» **YOUR INSTRUCTIONS**
Without the pictures, set down everything in the listing exactly.

** Opening RECORDED INFORMATION block **

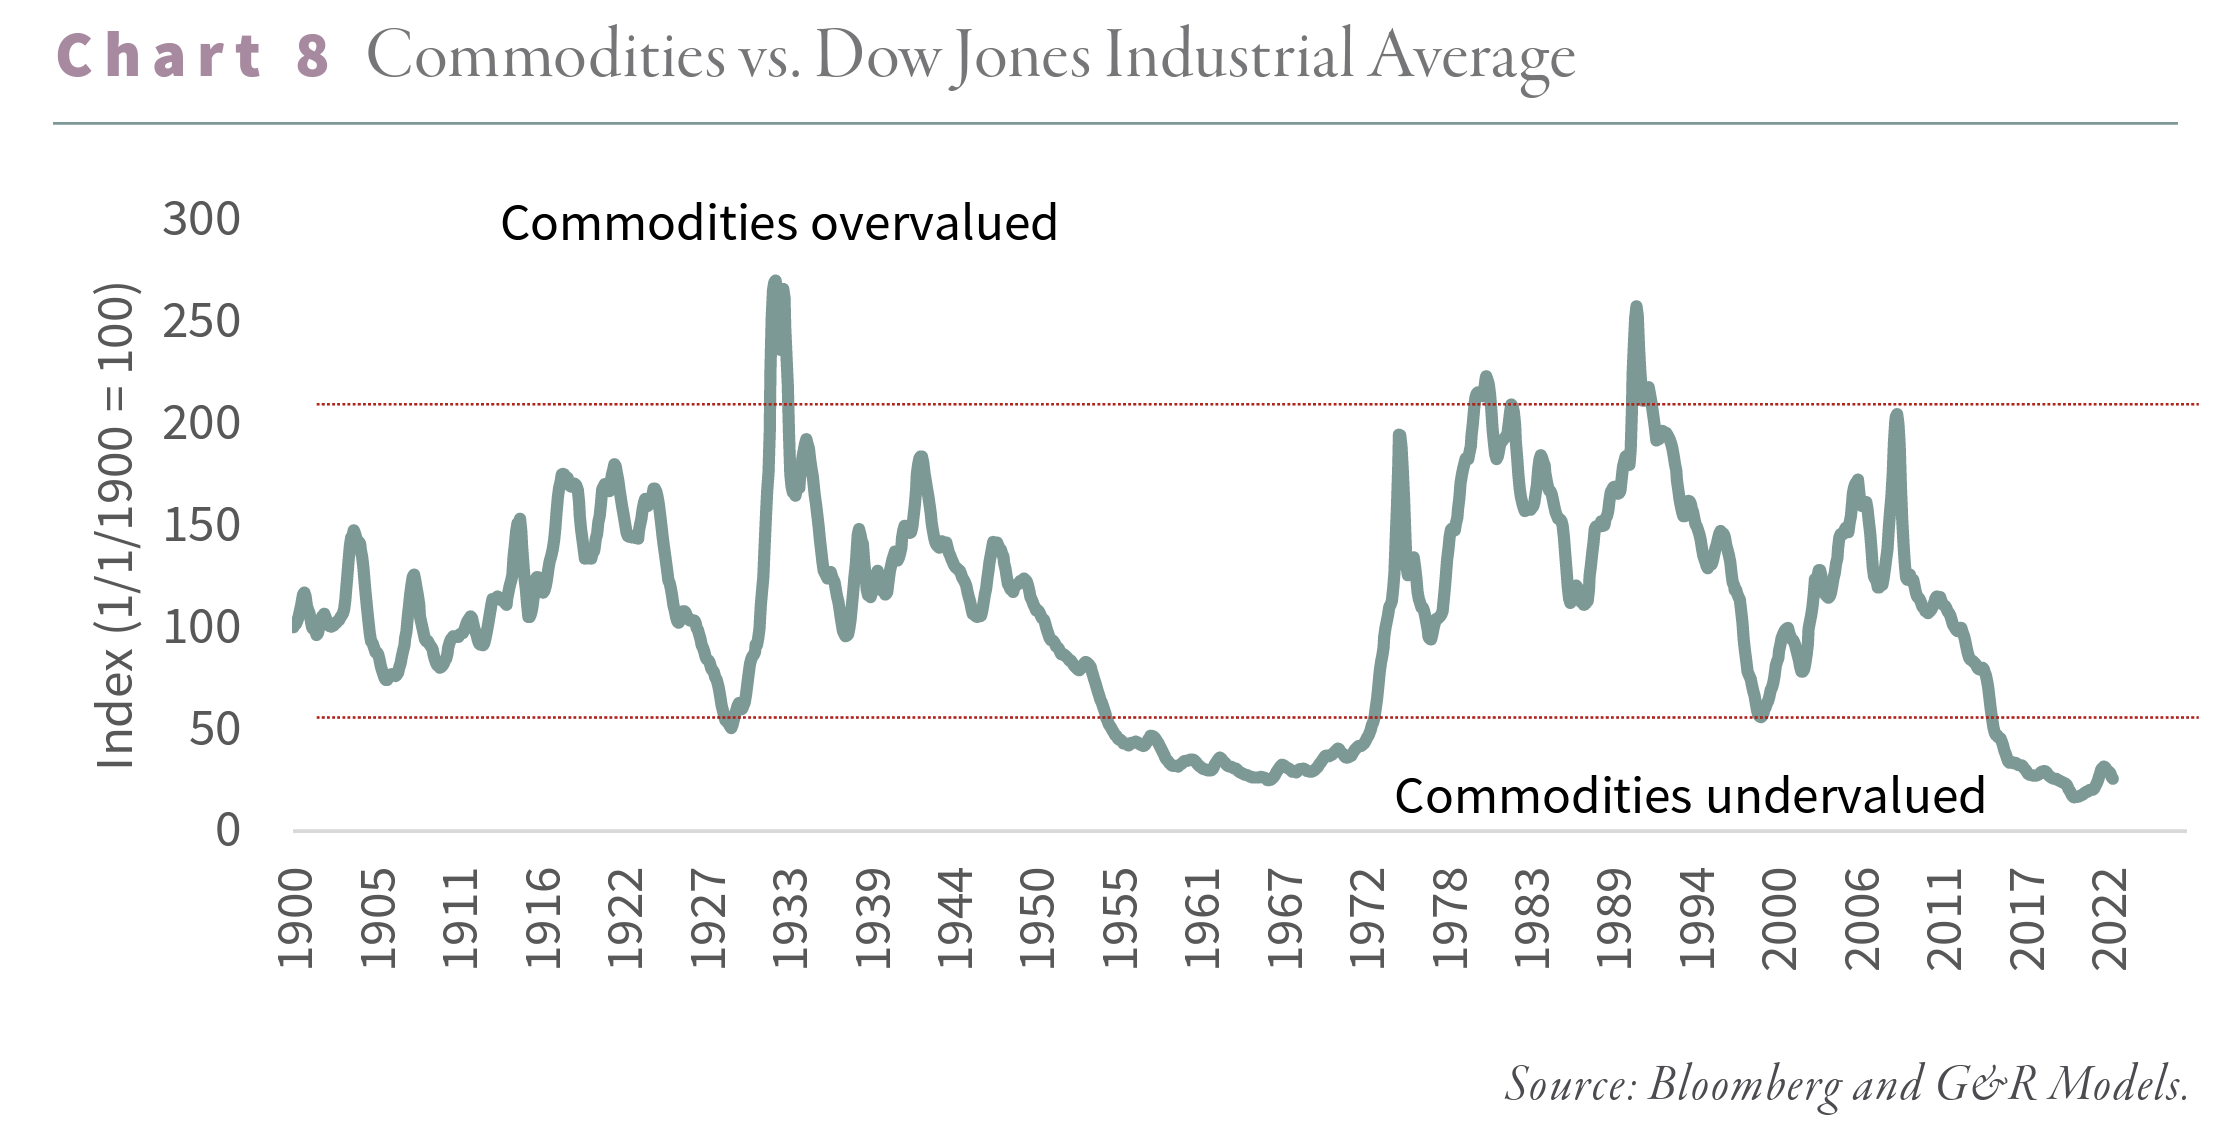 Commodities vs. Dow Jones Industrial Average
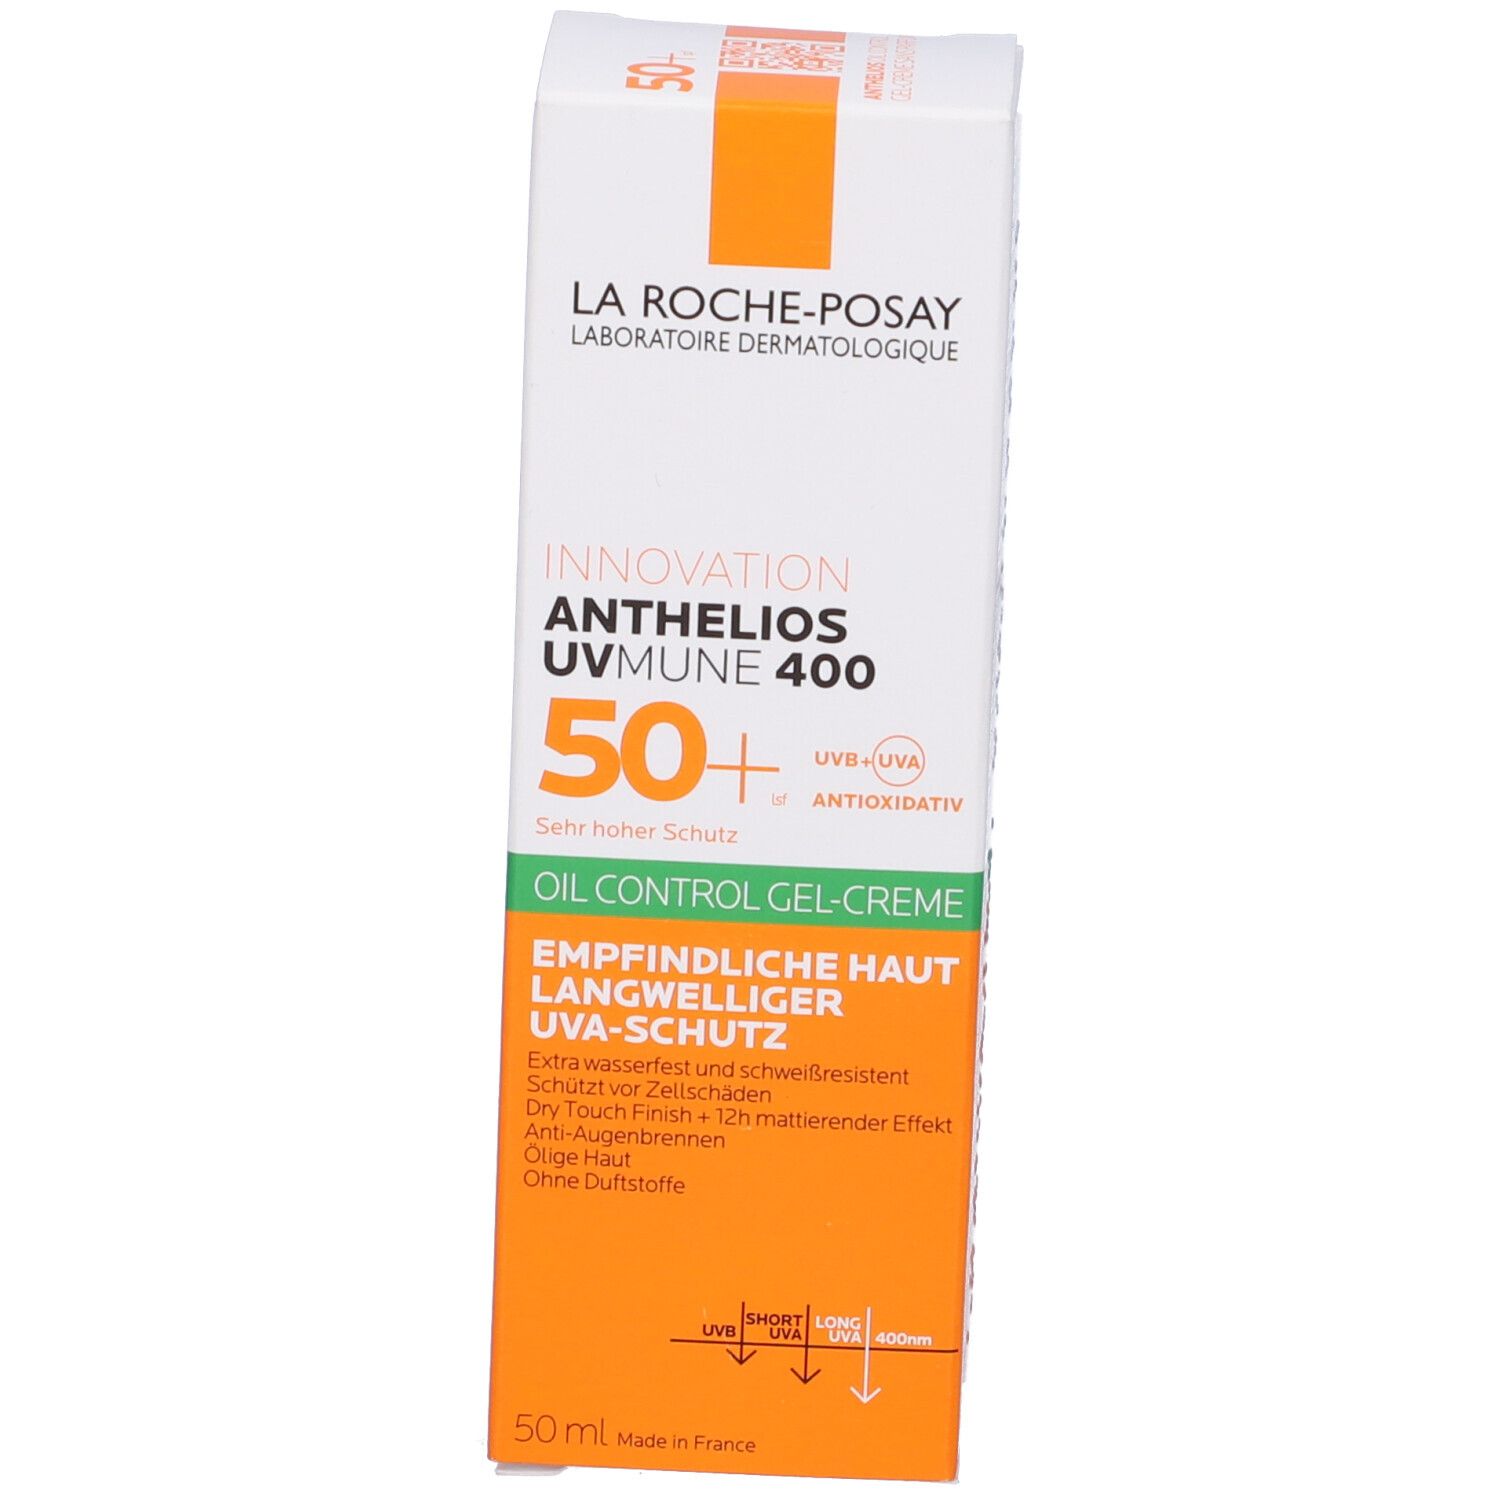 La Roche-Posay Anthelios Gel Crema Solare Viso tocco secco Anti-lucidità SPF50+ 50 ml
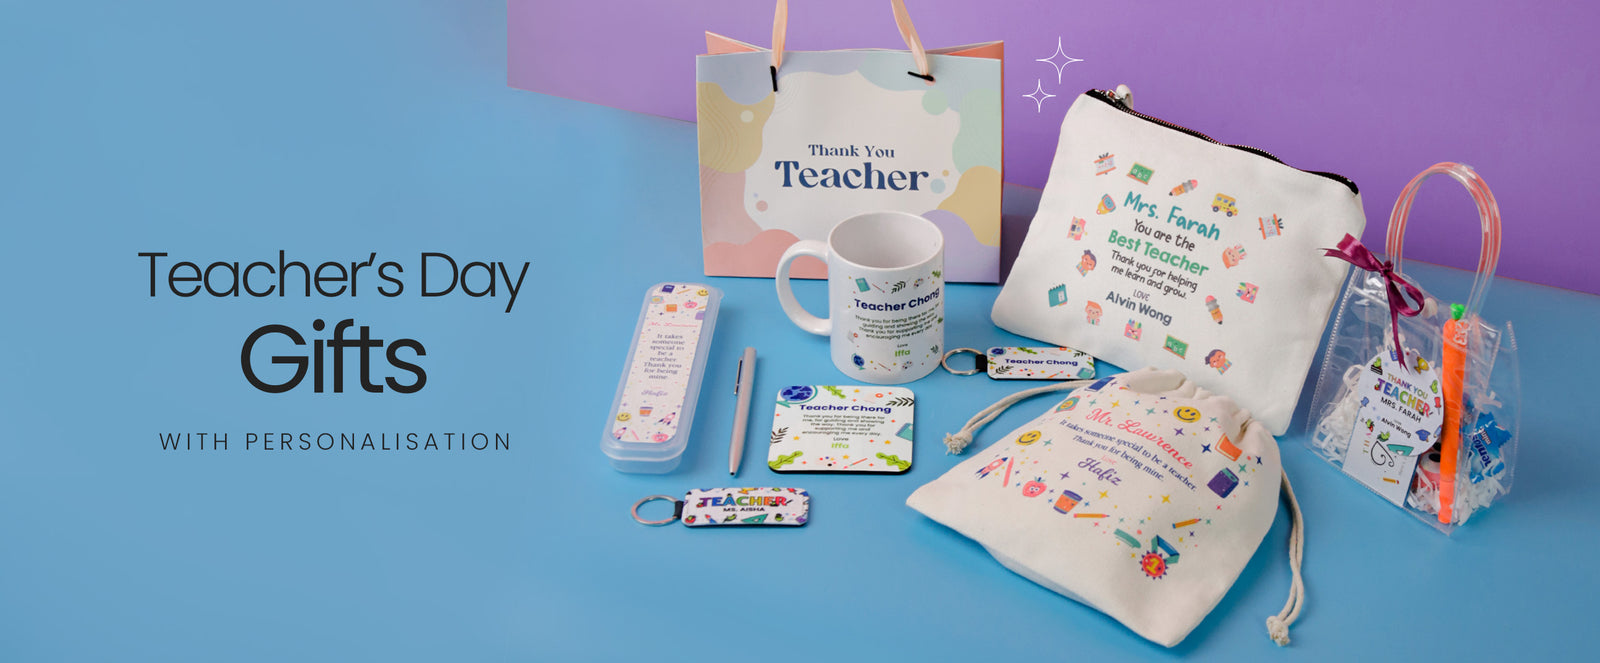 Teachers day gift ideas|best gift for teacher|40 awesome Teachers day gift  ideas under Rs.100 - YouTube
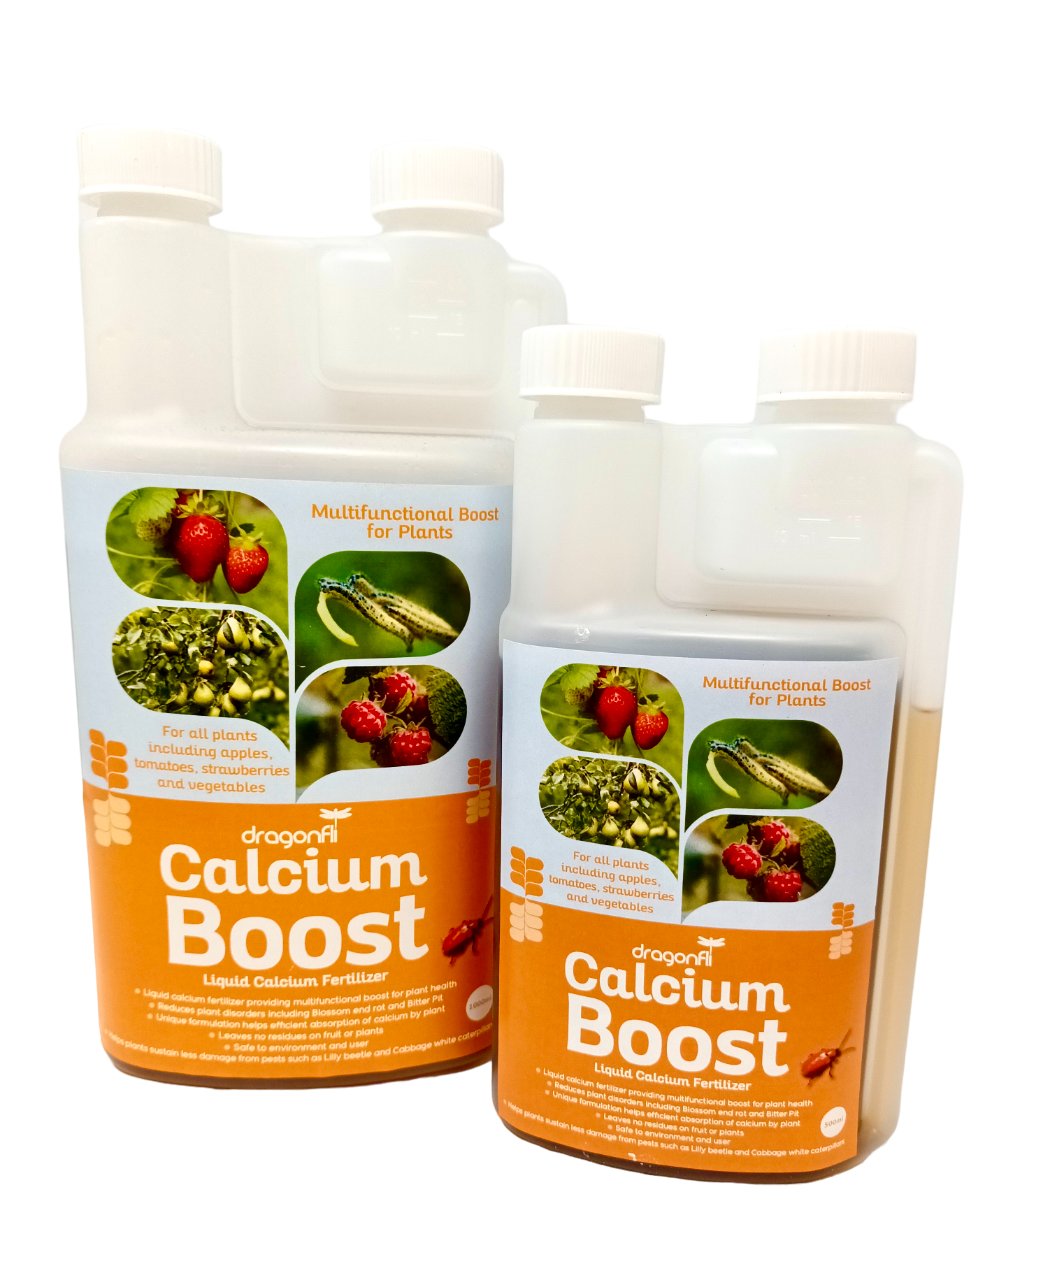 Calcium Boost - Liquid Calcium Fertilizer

** Closing RECORDED INFORMATION block **

» **THE COMPLETED TASK**
 Commodities vs. Dow Jones Industrial Average
 La Roche-Posay Anthelios Gel Crema Solare Viso tocco secco Anti-lucidità SPF50+ 50 ml
 Teachers day gift ideas|best gift for teacher|40 awesome Teachers day gift  ideas under Rs.100 - YouTube
 Calcium Boost - Liquid Calcium Fertilizer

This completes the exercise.